Though it traces its historical roots to the late 1940s, GIG itself was not
incorporated until April 13, 1995. At inception it had 41 shareholders. On
April 25, three days before the magic date in Section 22.16’s Grandfather
Clause, GIG applied for a package store permit. The Commission issued
GIG the permit a few months later, on August 15.
Sometime that December, GIG filed an affidavit with the
Commission. In the affidavit, GIG averred that it met the Grandfather
Clause’s requirements.

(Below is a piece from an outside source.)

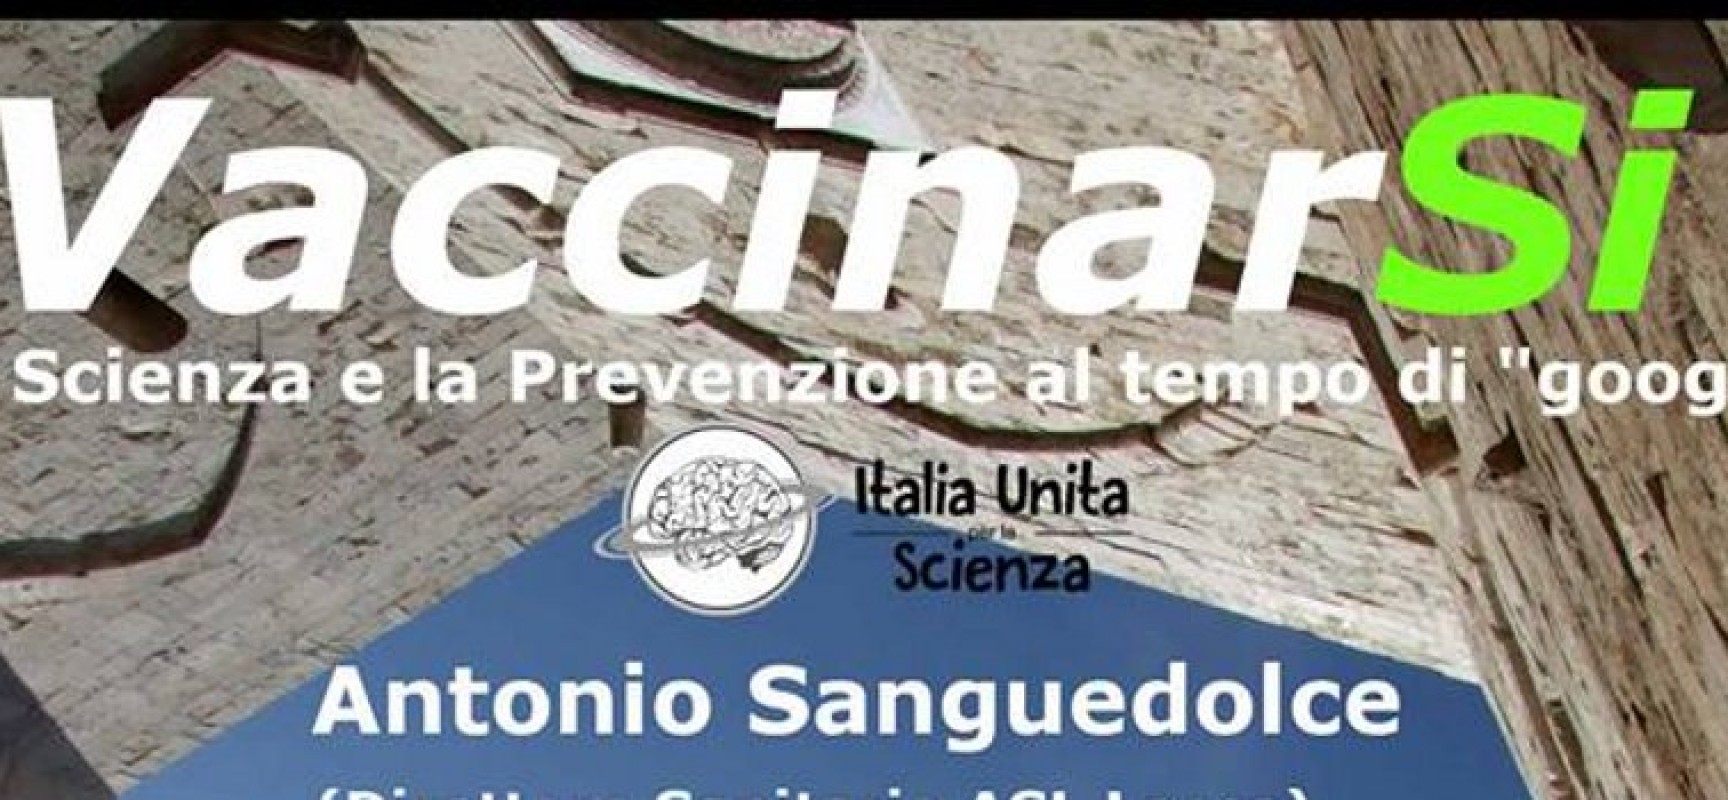 L’associazione “Italia Unita per la Scienza” presenta “VaccinarSi”

The Commission marked the affidavit as received on
December 22. GIG has since consistently claimed that the Grandfather
Clause exempts it from Section 22.16, and the Commission has consistently
issued GIG package store permits.
So it went until 2019, when GIG filed for Chapter 11 bankruptcy
protection. As part of its reorganization plan, GIG explored selling itself to
another public corporation. But questions abounded. If GIG sold all or some
of its shares to a public corporation, would GIG remain exempt from Section
22.16 under the Grandfather Clause? If so, could GIG continue to grow its
collection of package store permits after the sale?
GIG sued the Commission to find out, requesting declaratory
judgment in its favor. The bankruptcy court, after reviewing dueling motions
for summary judgment, concluded that the answer to both questions is no.
GIG now appeals.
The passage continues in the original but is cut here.